Musical 8 features very clear mids and highs with lots of detail and crispness. The vocals have great richness and fullness to them.
Nikolai Foster’s staging of this jukebox musical is lively and engaging, but it never quite gets up to the emotional peaks of the music. Likewise, it never really captures the full range of Carole King’s talents or how she blazed her own path into the industry.
Counting music is important because it reveals the structure of the beats. Virtually all dance music is structured in groups of four beats, with the exception of waltz, which is in sets of six beats. Counting helps you feel the underlying rhythm, which is what makes the beat workable for dancers.
The top number in a time signature denotes how many beats per measure, while the bottom signifies what note gets each beat. Usually, the lower number corresponds to quarter notes (crotchets), although it may also be half notes or even eighth notes in less common signatures.
To start with, practice counting to the lowest possible number of beats in a measure. As you do, gradually add syllables for smaller notes: “ONE-two-three-four-five-six.” This will help you get used to hearing and counting the smaller beats. When you get good at this, you can try adding syllables for even smaller notes and then progressing to the full range of tempos that a musical piece can be played in.
In musical terms, a melody is a group of notes grouped together in such a way as to represent the push and pull of a rhythm. A melody is often accompanied by an accompaniment, such as a lead singer and a band or a piano and guitar.
If a composer wants to write music without a beat hierarchy or regular pulse, he can simply omit the time signature. This is what composers like Olivier Messiaen and Charles Ives did with their works.
However, some composers use time signatures merely to make it easier for musicians to read the music. They might use a shortened version of the standard time signature, such as 4/8, where the bottom number indicates how many quarter notes (crotchets) make up a bar and the top number indicates that the beat is 1/5 of a reference whole note.

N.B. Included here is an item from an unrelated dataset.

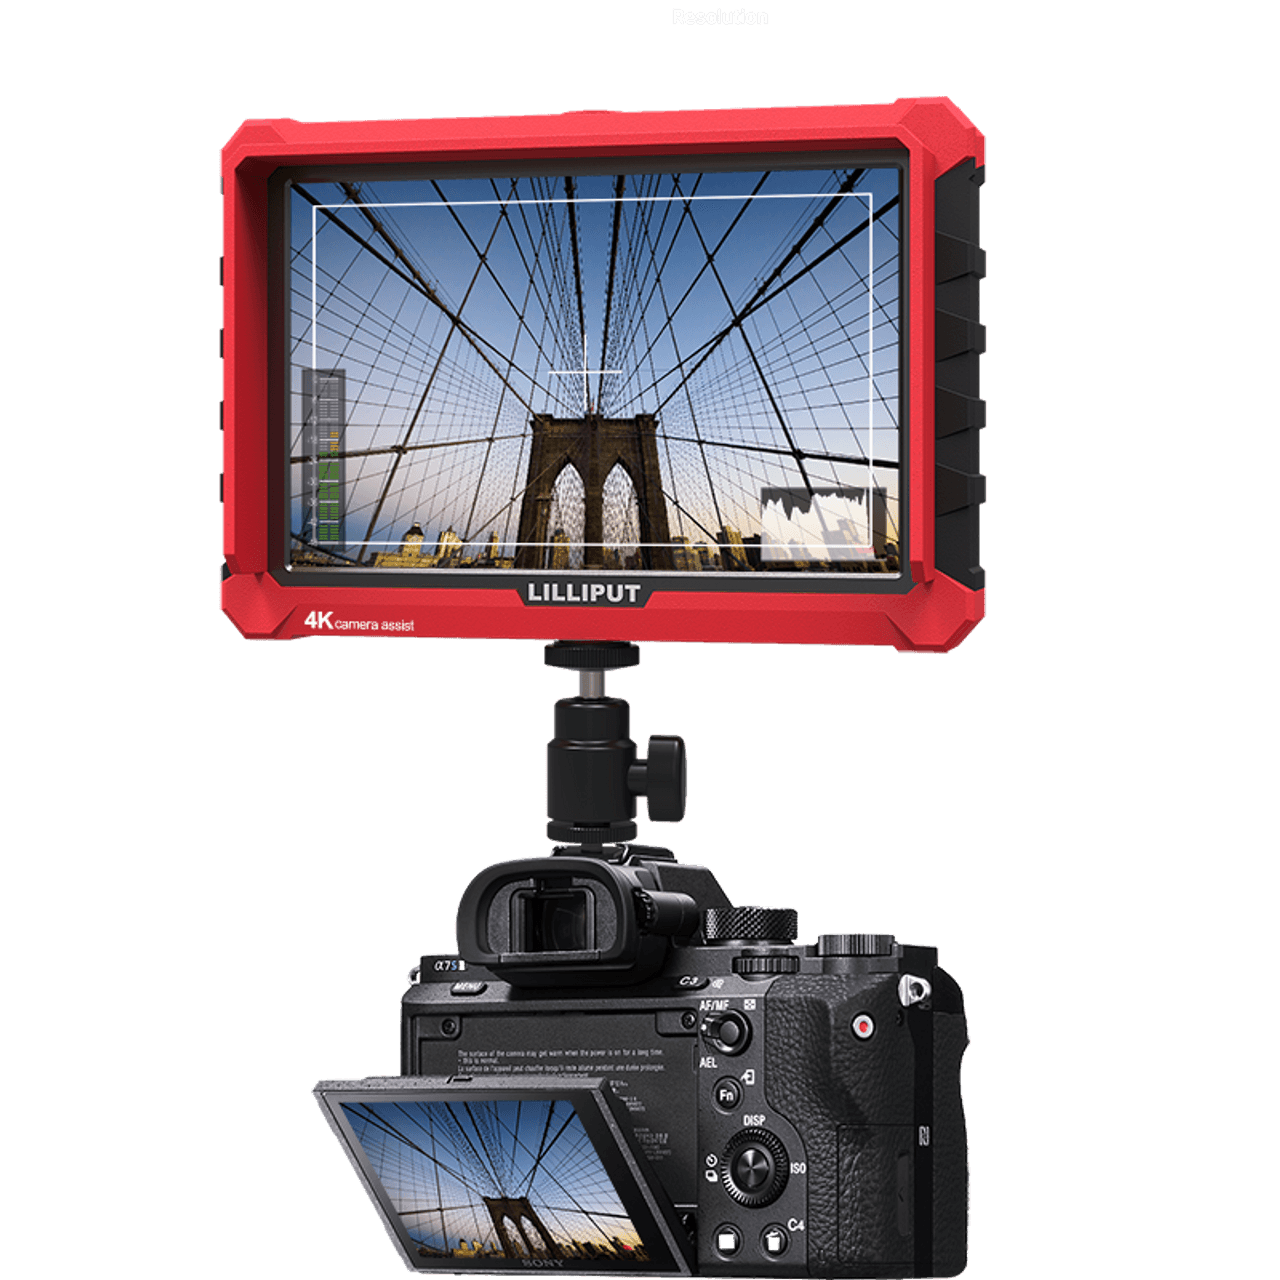 Lilliput A7S 7 Inch Full HD Monitor with 4K Camera Assist

Integrity is the capacity to take one’s life seriously. It involves having and pursuing principles that guide one’s actions, and it requires the ability to resist temptation. It is the antithesis of spinelessness, the single-minded pursuit of pleasure, and the ruthless quest for wealth.

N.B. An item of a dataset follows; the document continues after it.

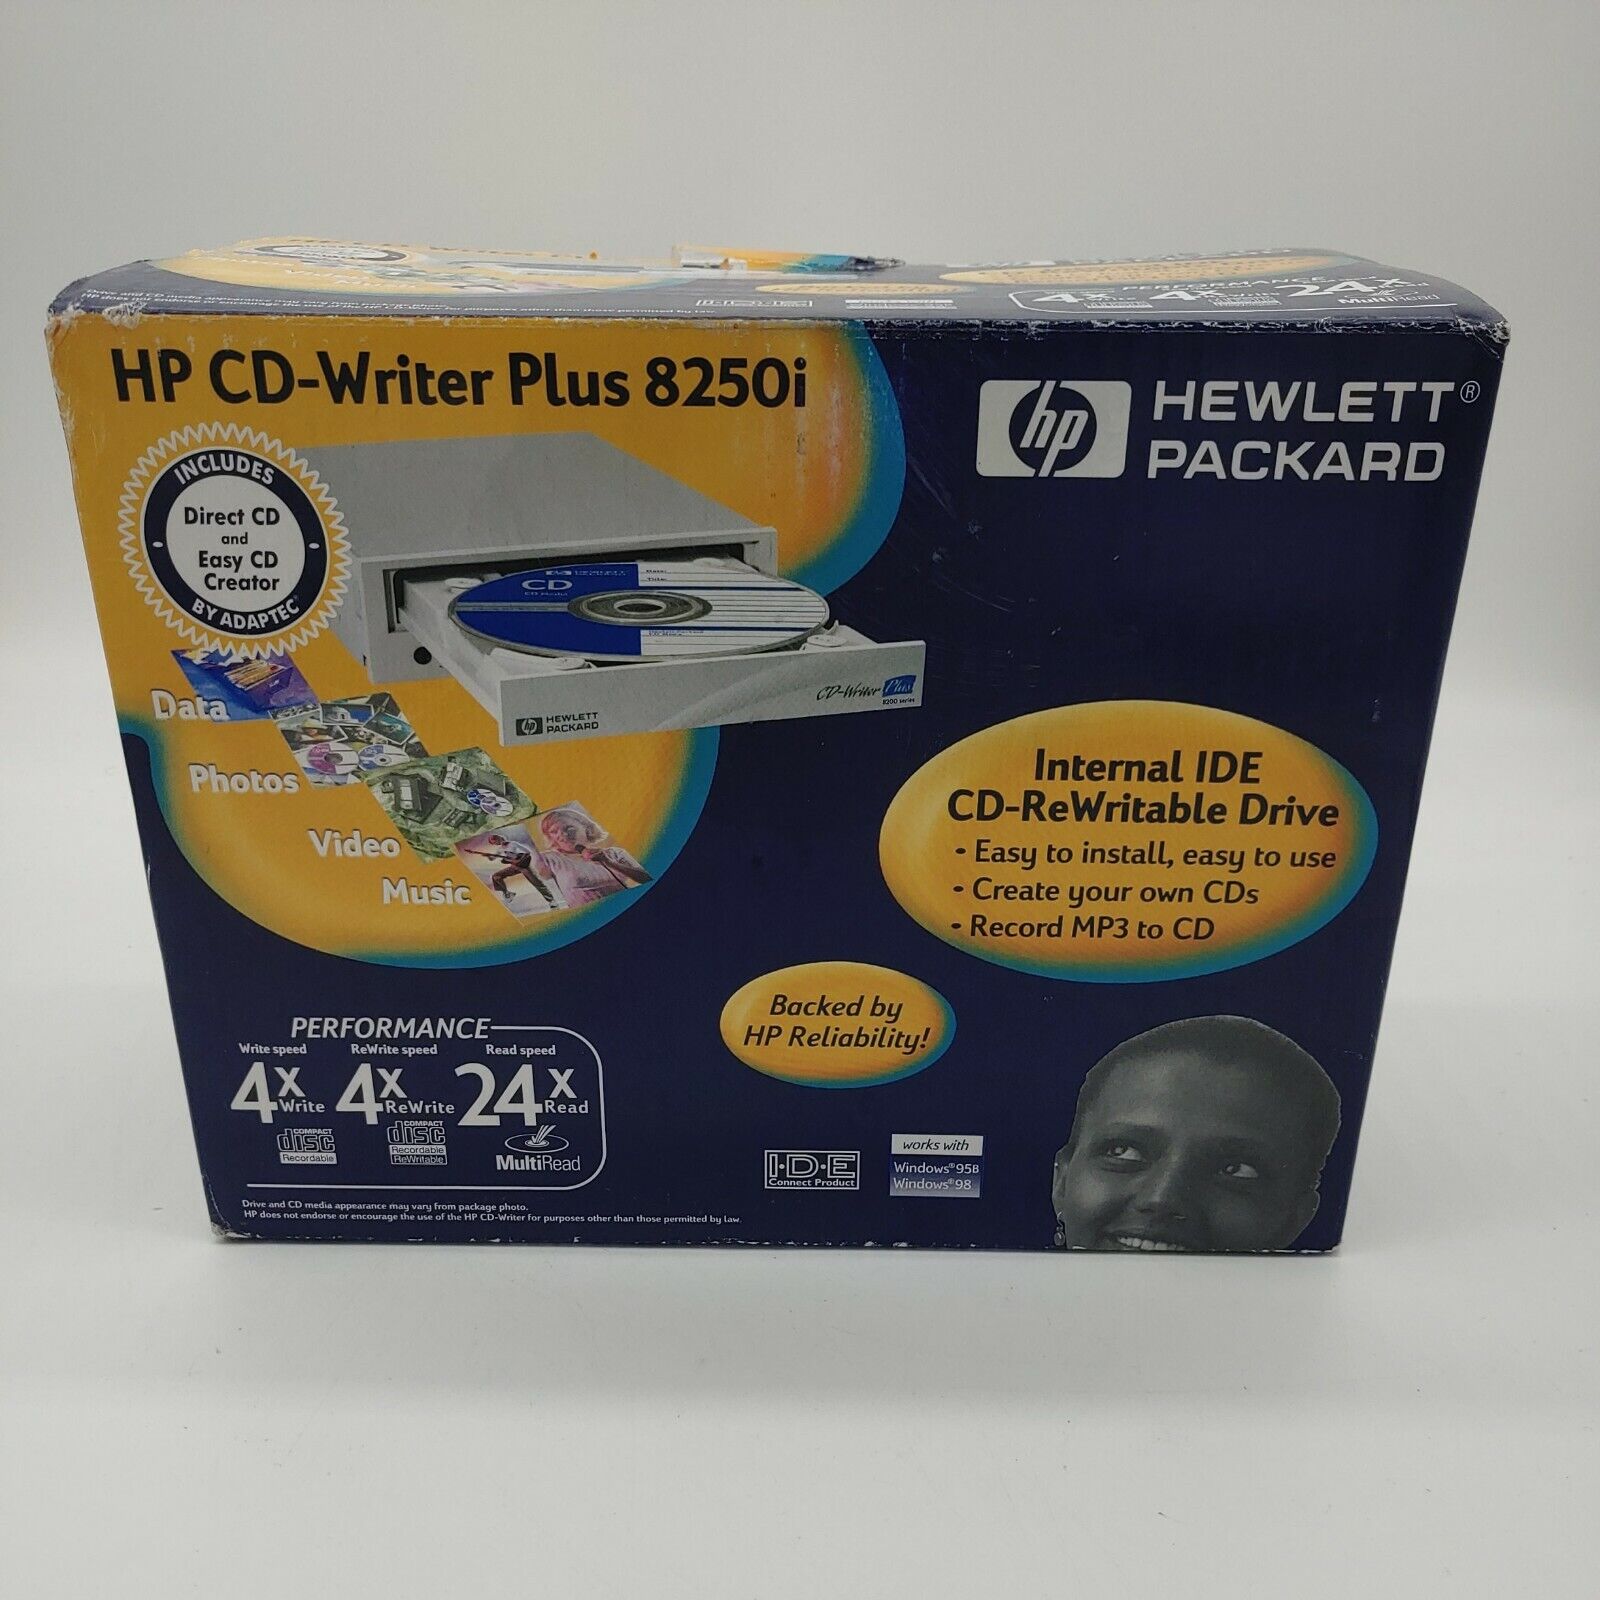 Open Box Vintage Hewlett Packard HP CD-Writer Plus 8250i Never Used

A variety of philosophical approaches to integrity have been developed. Some, like Calhoun’s, conceive it as a virtue in terms of people’s deliberation about how to live. Others, such as Halfon, conceive it in more moral terms and argue that integrity depends on people’s willingness to face all relevant moral considerations.
Still other approaches conceive of it as a cluster concept that binds together different overlapping traits of character into one term. This approach allows that people may fail to act with integrity, and it also implies that profound moral failures (like hypocrisy or fanaticism) are independent defeaters of integrity. For example, it would be inappropriate to judge a Nazi as having integrity.